Spatiotemporal Evolution of Topological Order Upon Quantum Quench Across the Critical Point

TL;DR

This paper investigates how topological order and Majorana bound states evolve over time after a quantum quench in a topological superconductor, revealing universal decay, revival, and propagation behaviors.

Contribution

It introduces a dynamical analysis of topological order and Majorana states post-quench, highlighting universal decay and propagation patterns, and proposes a local measurement method.

Findings

String order parameters decay over finite time with universal behavior.

Topological order is repeatedly revived and propagates into non-topological regions.

Majorana wave functions' propagation and dispersion correlate with topological dynamics.

Abstract

We consider a topological superconducting wire and use the string order parameter to investigate the spatiotemporal evolution of the topological order upon a quantum quench across the critical point.
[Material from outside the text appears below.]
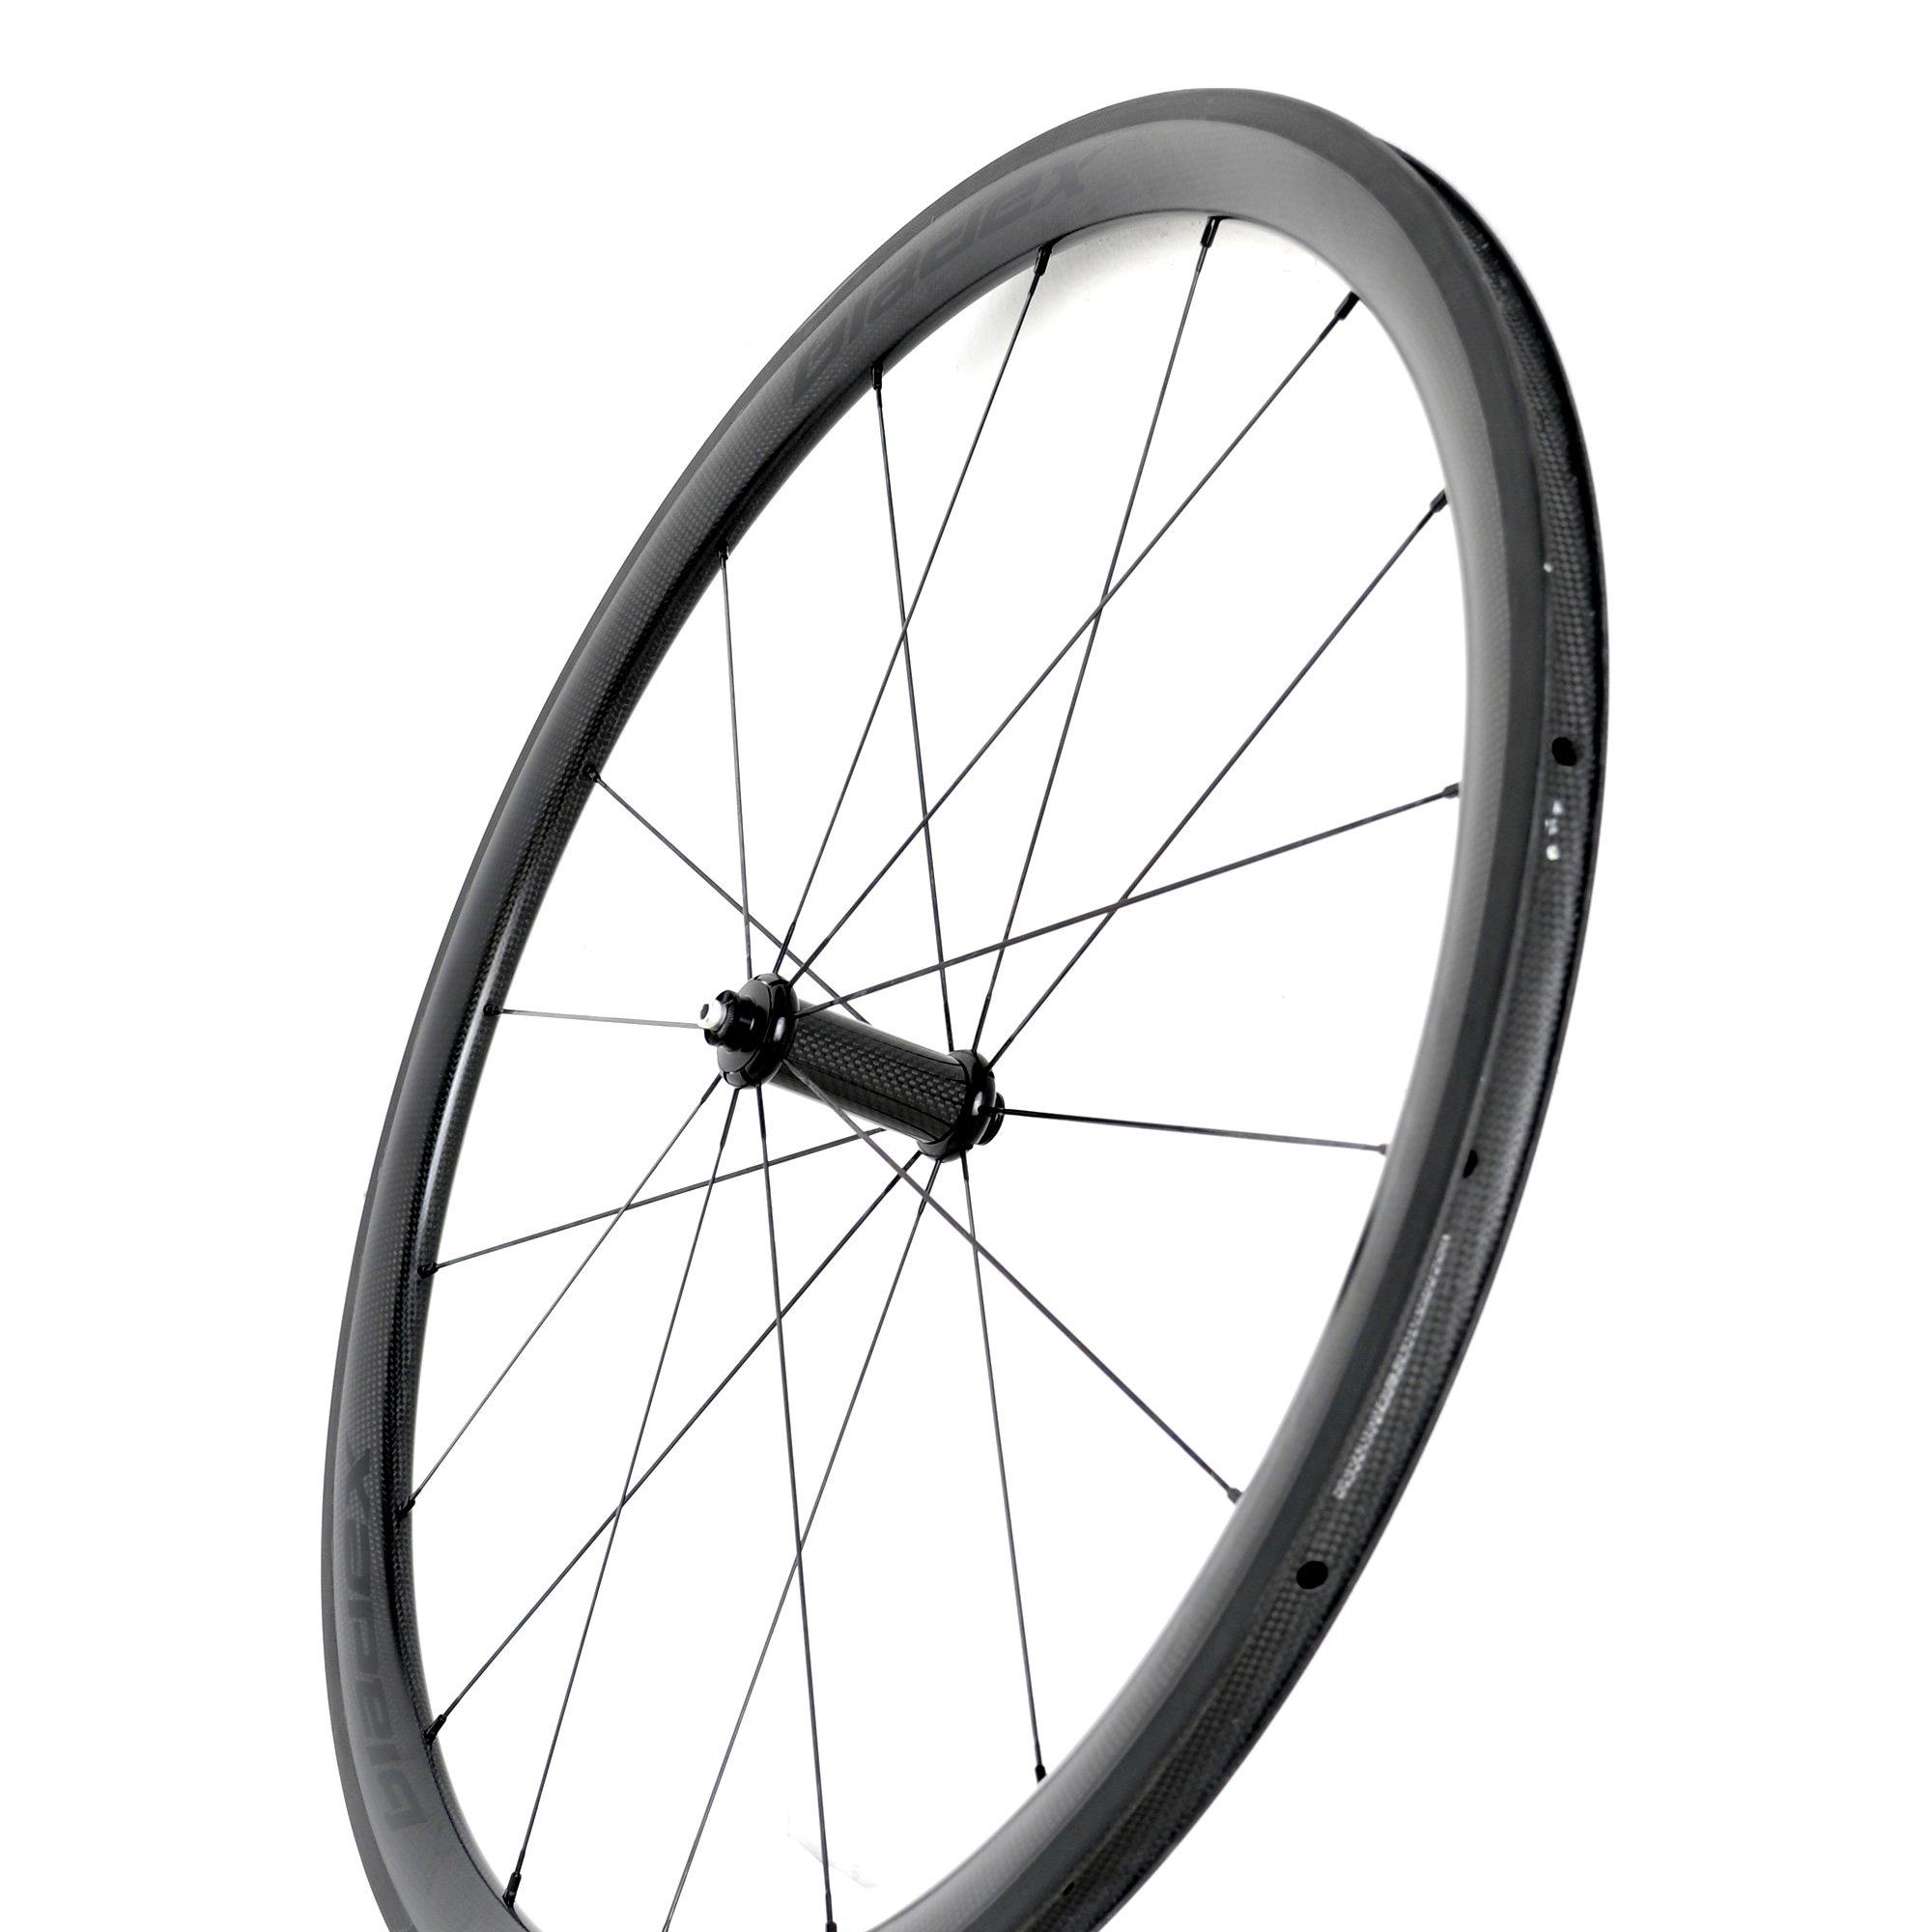 Carbon Road Bike Wheels
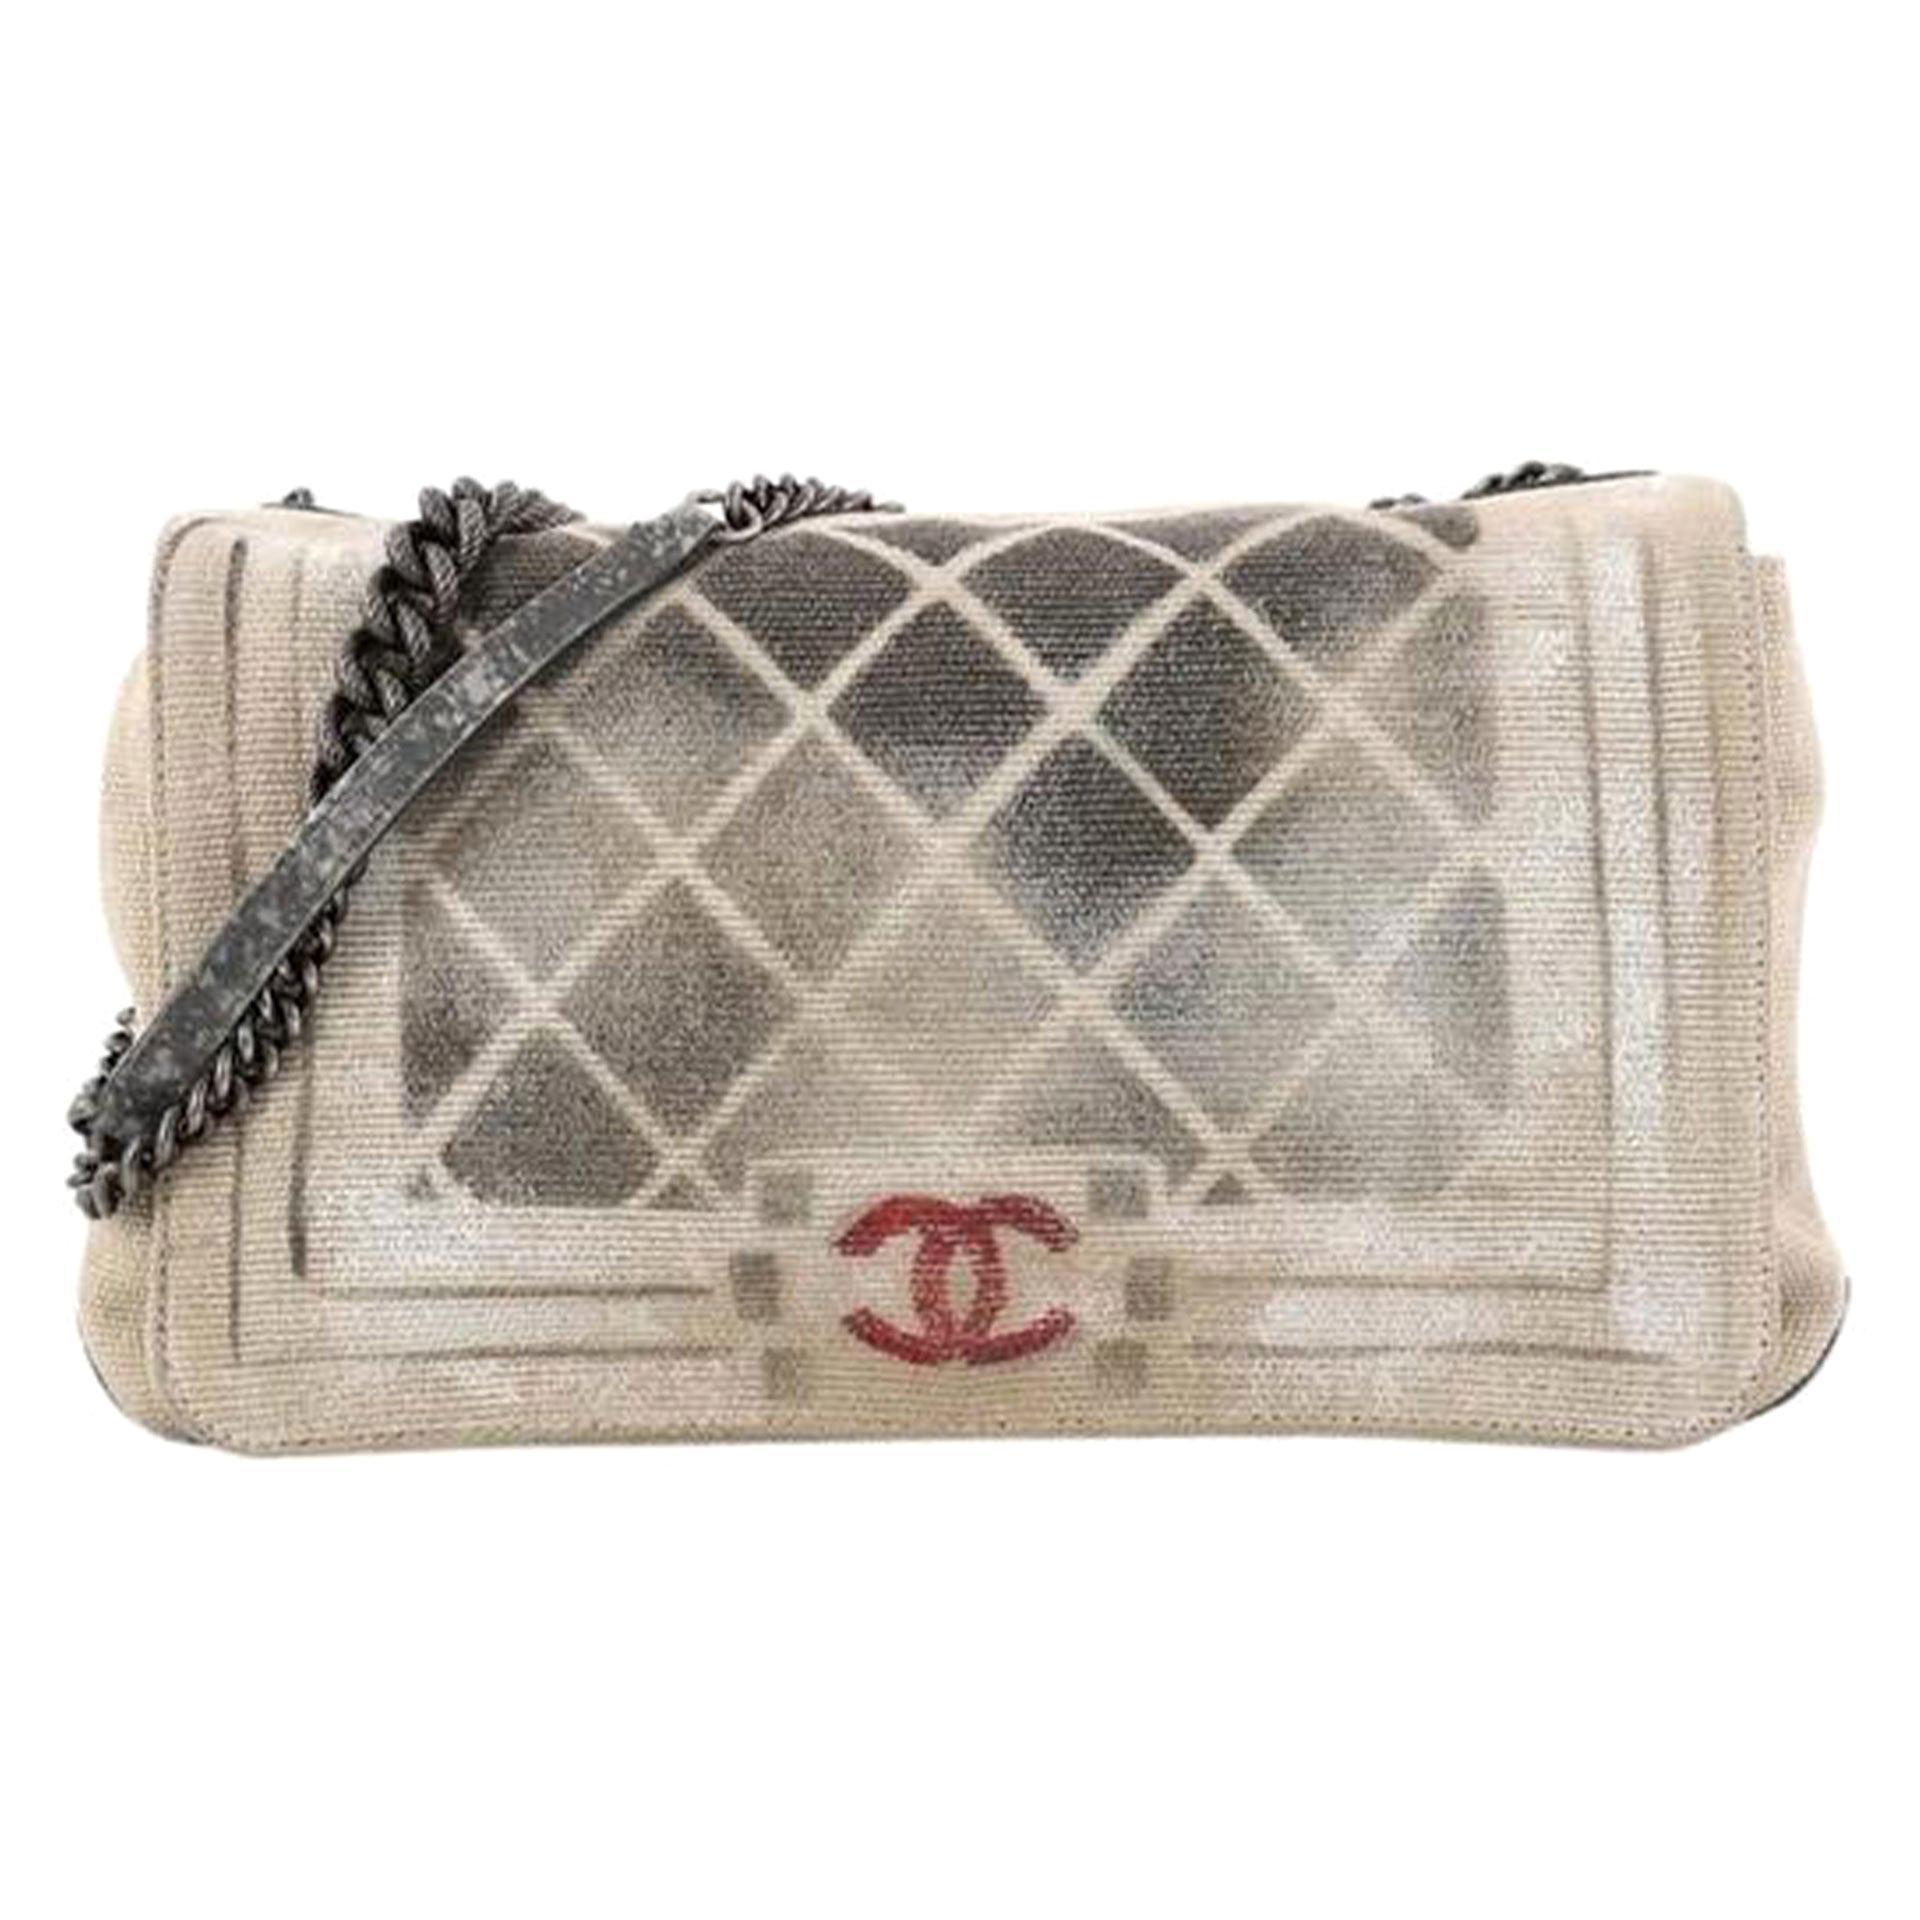 Chanel Classic Flap Graffiti Boy Art School Oh My Khaki Canvas Shoulder Bag

We also analyze the propagation of the initially localized Majorana bound states after the quench, in order to examine the connection between the topological order and the unpaired Majorana states, which has been well established at equilibrium but remains illusive in dynamical situations. It is found that after the quench the string order parameters decay over a finite time and that the decaying behavior is universal, independent of the wire length and the final value of the chemical potential (the quenching parameter). It is also found that the topological order is revived repeatedly although the amplitude gradually decreases. Further, the topological order can propagate into the region which was initially in the non-topological state. It is observed that all these behaviors are in parallel and consistent with the propagation and dispersion of the Majorana wave functions. Finally, we propose a local probing method which can measure the non-local topological order.